The next Diesel feature release will add a new diesel_infer_query crate to analyze SQL statements. For now this will only include information about whether a field returned by a certain query can contain NULL values or not. The crate doesn't perform any interaction with the database itself, it allows users to instead provide a resolver to get type information about certain basic constructs like table/view fields if required. This hopefully enables different users to provide their own source for this information.

For the next Diesel feature release, this crate will power the inference whether a field of a VIEW contains NULL values or not. We likely will consider this inference experimental for at least one Diesel version to give us some room to improve the accuracy on real-world use cases. You already can help with that by sharing your VIEW definitions.
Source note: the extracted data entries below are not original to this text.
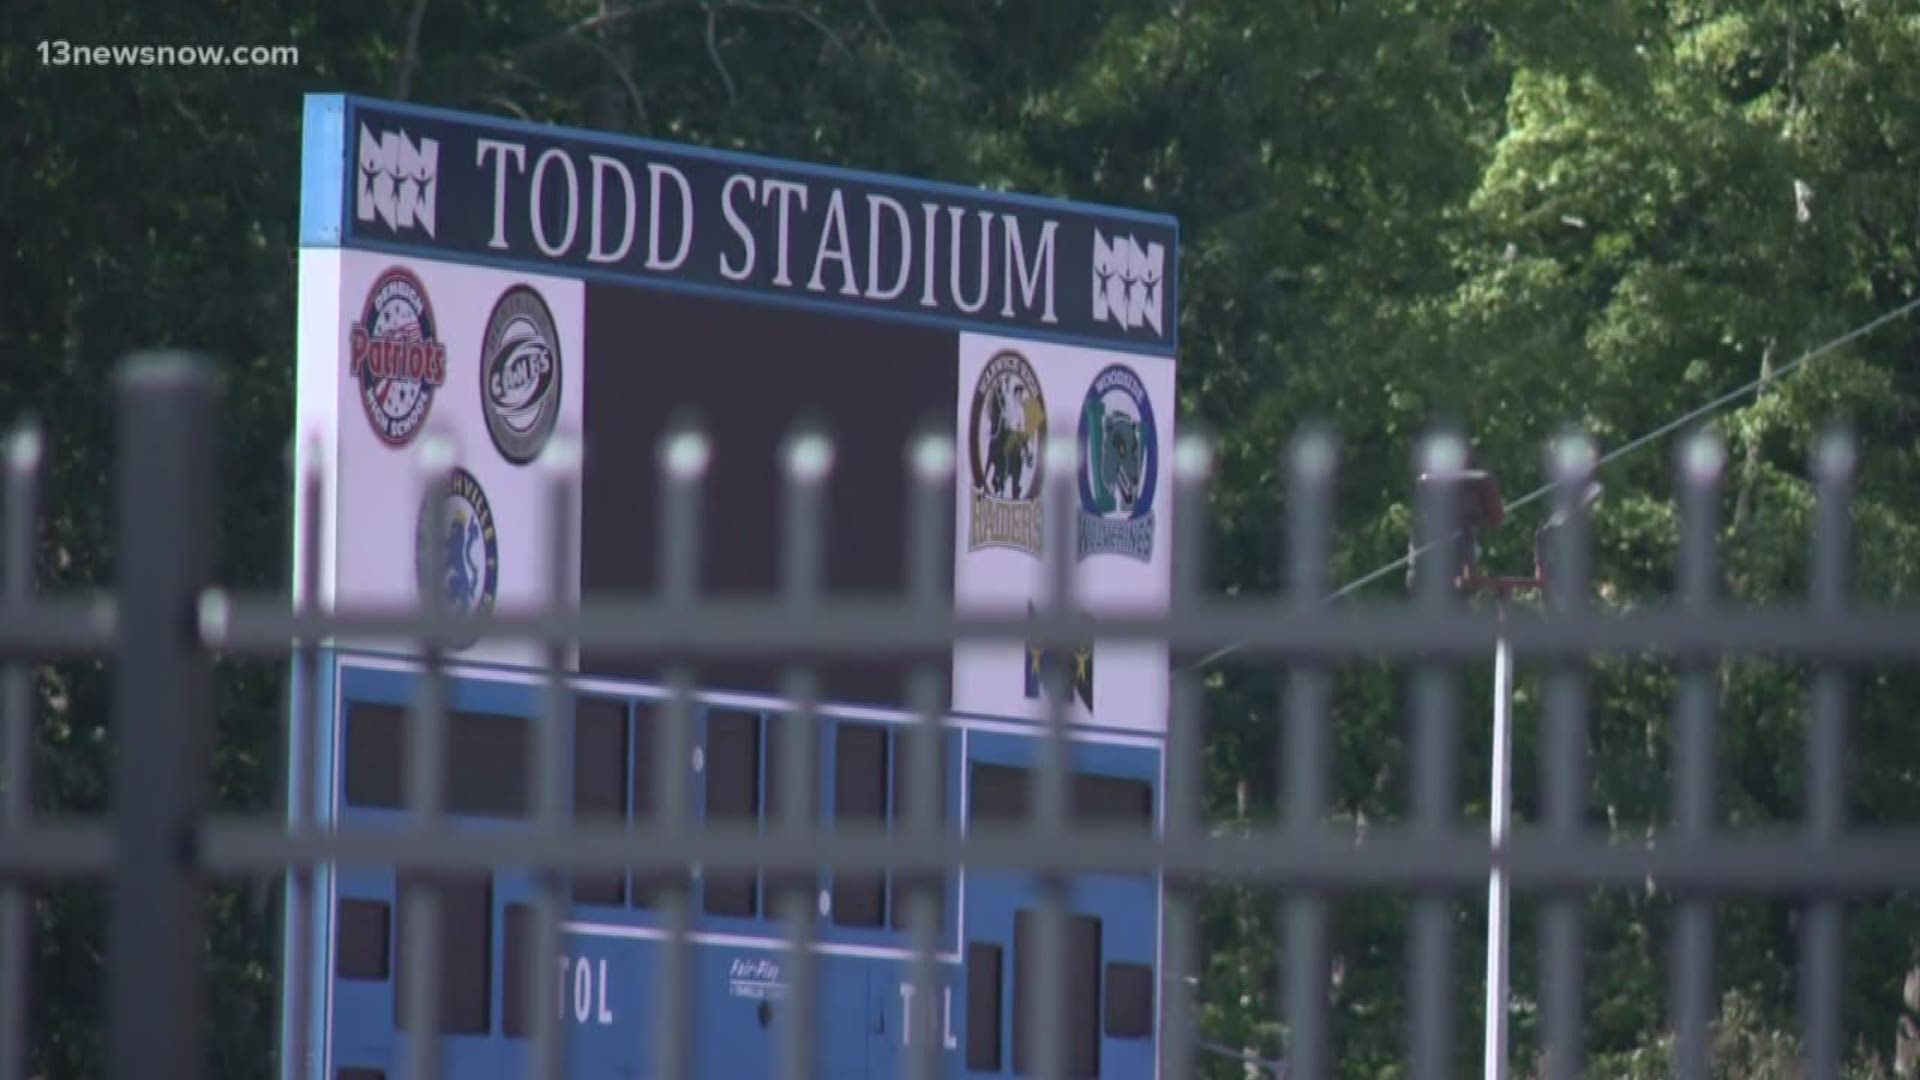 After three teens were shot near Todd Stadium after a game, police are increasing their presence. They decided this will be in effect for the rest of the season.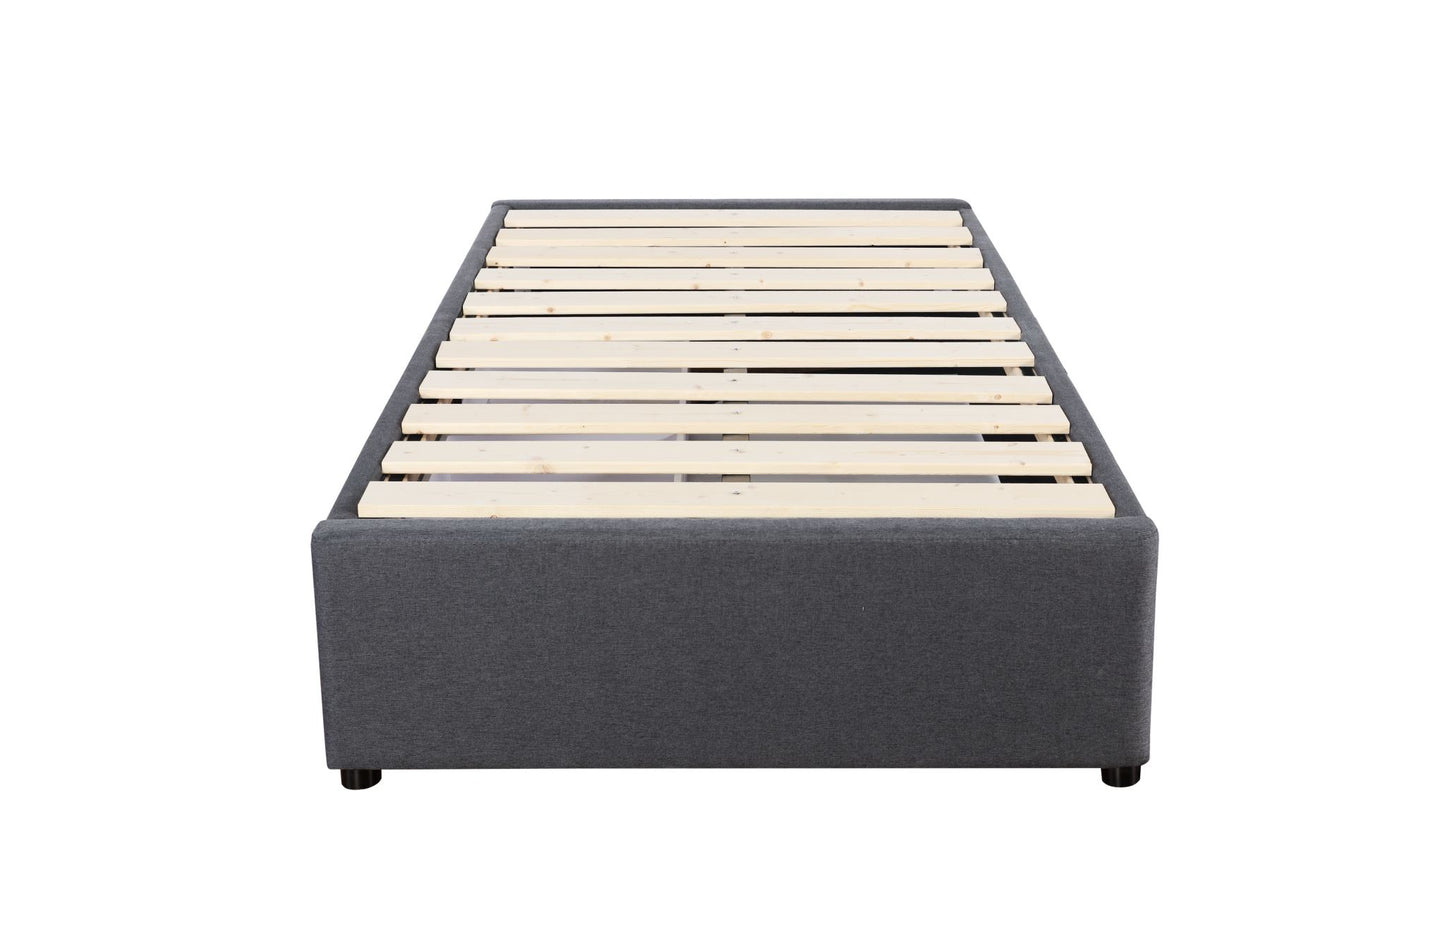 Bed Bases with 2 Drawers  - Single - Charcoal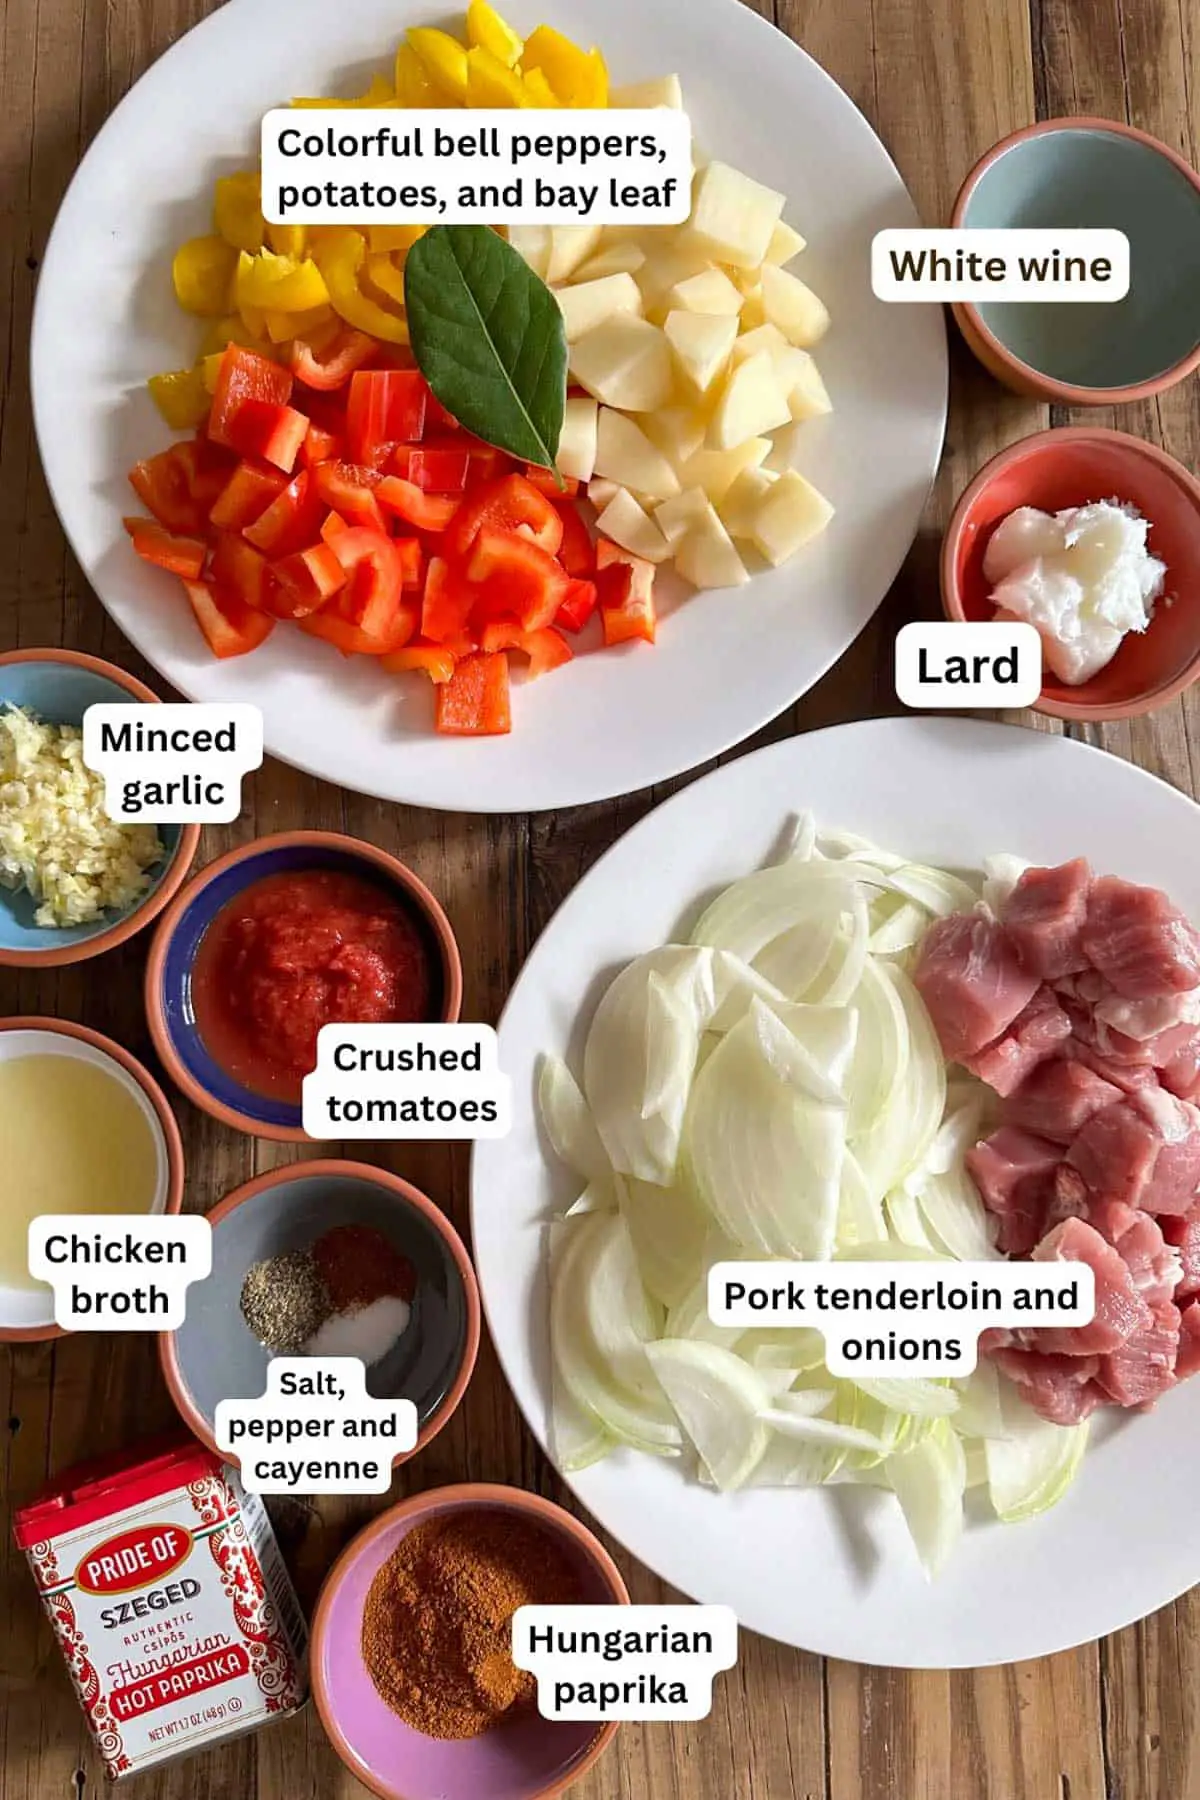 Ingredients for Hungarian pork goulash displayed on plates and bowls including: bell peppers, potatoes, bay leaf, white wine, lard, minced garlic, crushed tomatoes, chicken broth, seasonings, paprika, pork tenderloin, sliced onions, and a container of Hungarian paprika.

In the longer run, I imagine that this functionality is also used to provide a better way to express plain SQL queries in Diesel. We could use our schema.rs files as data source instead of connecting to a database there. Possibly it's also feasible to utilize Rustdoc's JSON format to extract information already encoded in the Rust type system via Diesel's DSL, making the inference aware of all these cases already handled by Diesel. I'm looking forward to seeing people experimenting with this in the future.

Finally, I would like to use this opportunity to thank Prototype Fund again for funding this project. Without their help and funding, none of this wouldn't have been possible. They also put out a new call for applications for next year's round of funding: If you have ideas you want to work on make sure to apply for funding until 30.11.2025 here. I enjoyed working with them and can only recommend others to apply as well.